Renato Chiocchio e la pietra scartata…

EditorialiRenato Chiocchio e la pietra scartata…

di Giovanni Mascia*

La pietra scartata dai costruttori è diventata testata d’angolo. L’adagio biblico è stato il fulcro dell’omelia in onore di Renato Chiocchio scalpellino e scultore di Oratino, la cui morte prematura e inaspettata ha lasciato nello sconforto non solo i familiari ma una intera comunità, stretta nel lutto cittadino decretato dall’amministrazione comunale. A tenere l’omelia e a presiedere le esequie, celebrate il 15 gennaio 2023 nella parrocchiale di Oratino assiepata di parenti, amici e compaesani, il parroco di Casalciprano, don Antonio Di Franco.

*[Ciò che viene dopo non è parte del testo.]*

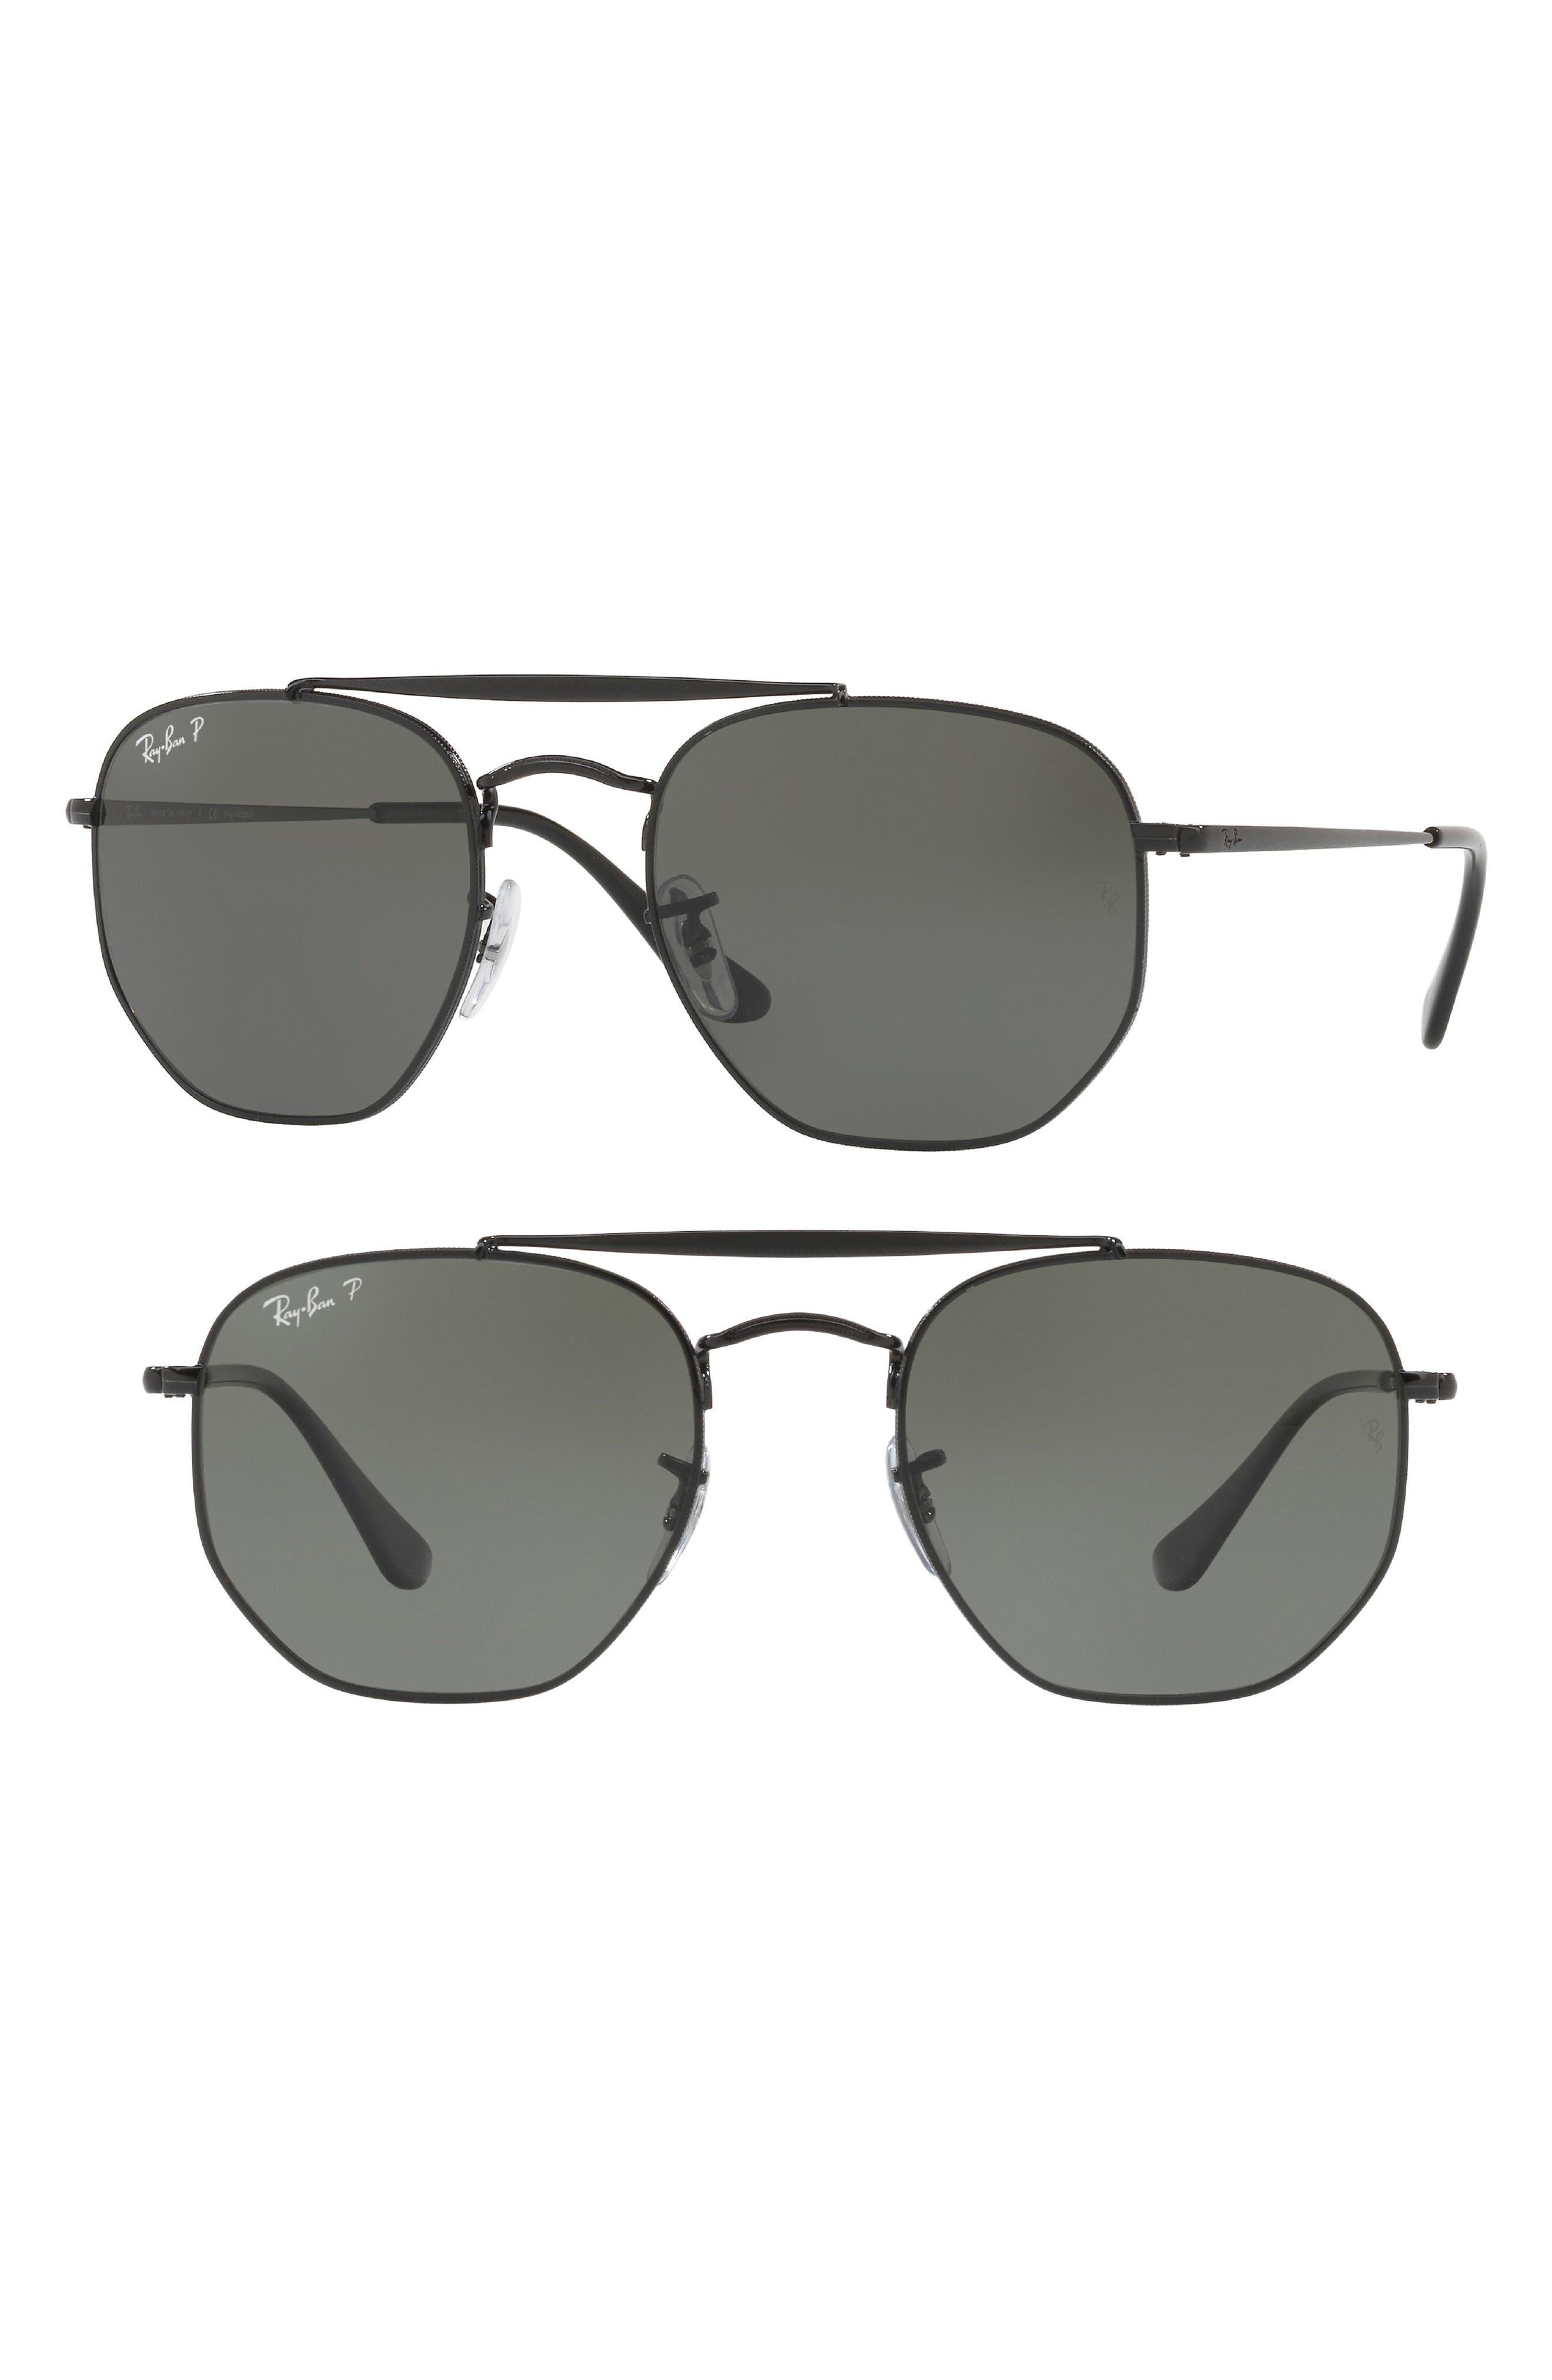 55mm Geometric Sunglasses,                         Main,                         color, 002

Ricordate le doti di uomo buono e cittadino esemplare, don Antonio ha tessuto le lodi dell’artista che scolpiva per ottenere il bello già presente nella pietra, da liberare dalle scorie e alleggerire dal superfluo. Una definizione di scultura che secondo il sacerdote può essere applicata anche alla morale dei fedeli, i quali devono liberarsi delle scorie e del superfluo per aspirare a essere buoni cristiani.

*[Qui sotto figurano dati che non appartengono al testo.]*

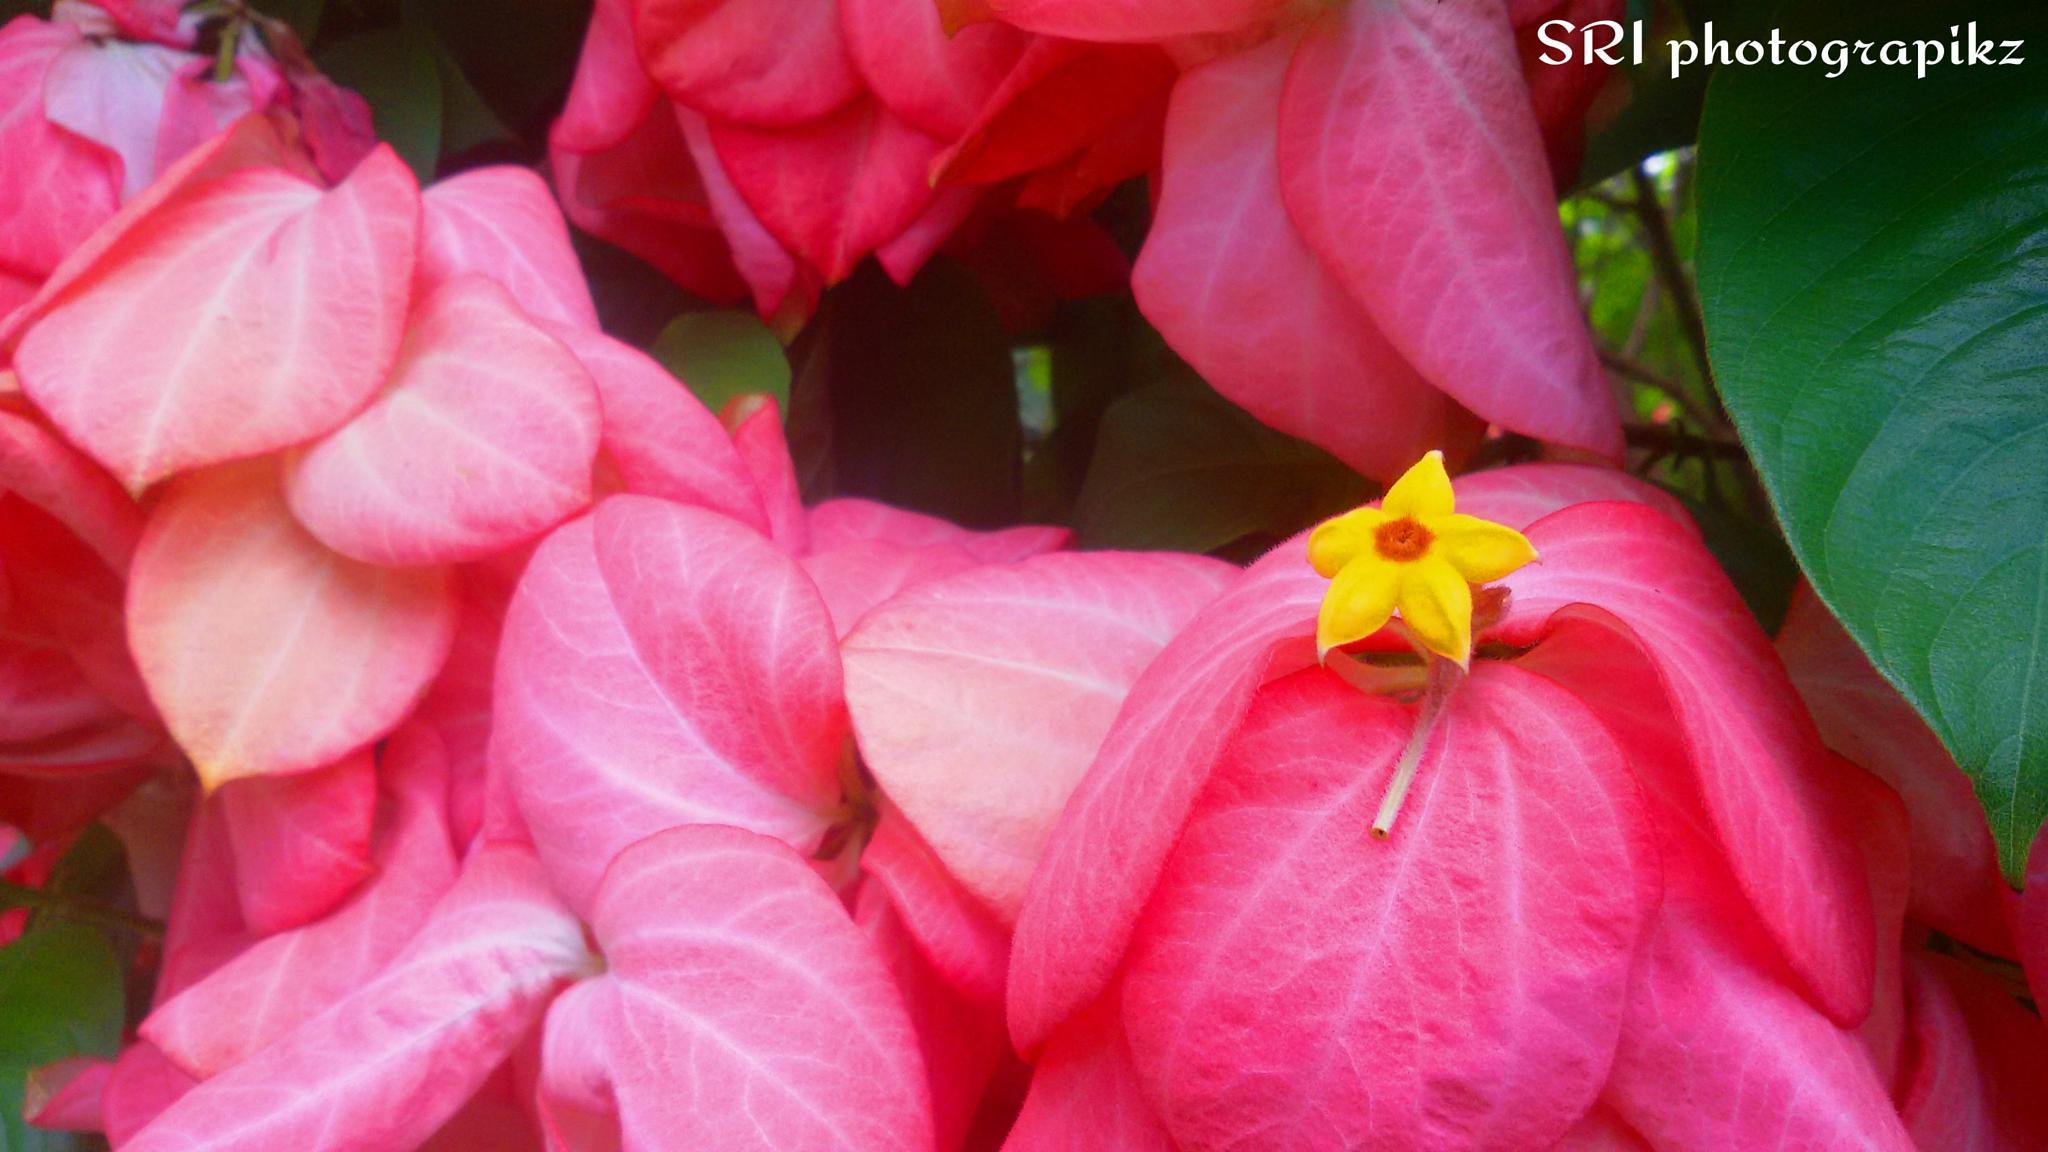 Flower by Jawahar srinath

Ma attenzione – ha continuato don Antonio con il suo tono pacato, quasi sussurrato – nessuno deve commettere l’errore di giudicare o giudicarsi insignificante e indegno perché le sacre scritture ammoniscono che “La pietra scartata dai costruttori è diventata pietra d’angolo”, cioè proprio la pietra più importante su cui fondare e costruire l’edificio.

E qui più di un brivido è corso tra i presenti e la cerimonia ha toccato il momento di massima intensità perché, conscio o meno don Antonio, la sua omelia ha finito per evocare non pietre informi scartate, ma le splendide formelle della Via Crucis che Renato Chiocchio scolpì a inizio degli Anni Novanta del secolo scorso, su commissione di tre rispettabili concittadini, per essere donate e sistemate sulle pareti e sulle colonne della chiesa di Santa Maria Assunta, a quel tempo appena restaurata, e quindi consacrate dall’Arcivescovo di Campobasso, mons. Ettore Di Filippo, stante l’autorizzazione della Soprintendenza del Molise e il plauso della popolazione.

Purtroppo, dopo circa un ventennio, nel novembre del 2011, quelle formelle furono rimosse dalla chiesa parrocchiale per fare posto ad anonimi pannelli a stampo in gesso, databili agli anni Cinquanta del secolo scorso. Senza neppure una parola di spiegazione, né allora né in seguito proferita dai “costruttori” a beneficio della popolazione e di quanti promossero petizioni e iniziative varie per avere chiarimenti e protestare contro la rimozione delle quattordici stazioni della Via Crucis, “scartate” come pietre informi e indegne.

L’omelia di don Antonio Di Franco, conscio o meno l’oratore, ha finito così per evocare il dolore e l’umiliazione più grandi sofferti in vita dall’artista di Oratino, che ora a 13 anni di distanza, possono idealmente essere placati con un gesto di riparazione che torni a dare visibilità e onore alla sua opera. E pazienza se post mortem. Tanto più che nel caso di Renato Chiocchio non ci si può nemmeno appellare all’evangelico Nemo propheta in patria, in considerazione della stima e del cordoglio unanime, sancito dal lutto cittadino.

Speriamo che Qui habet aures audiendi, audiat. E non c’è bisogno di tradurre nemmeno quest’altro detto evangelico perché chi ha orecchie per intendere, il latino dovrebbe conoscerlo benissimo.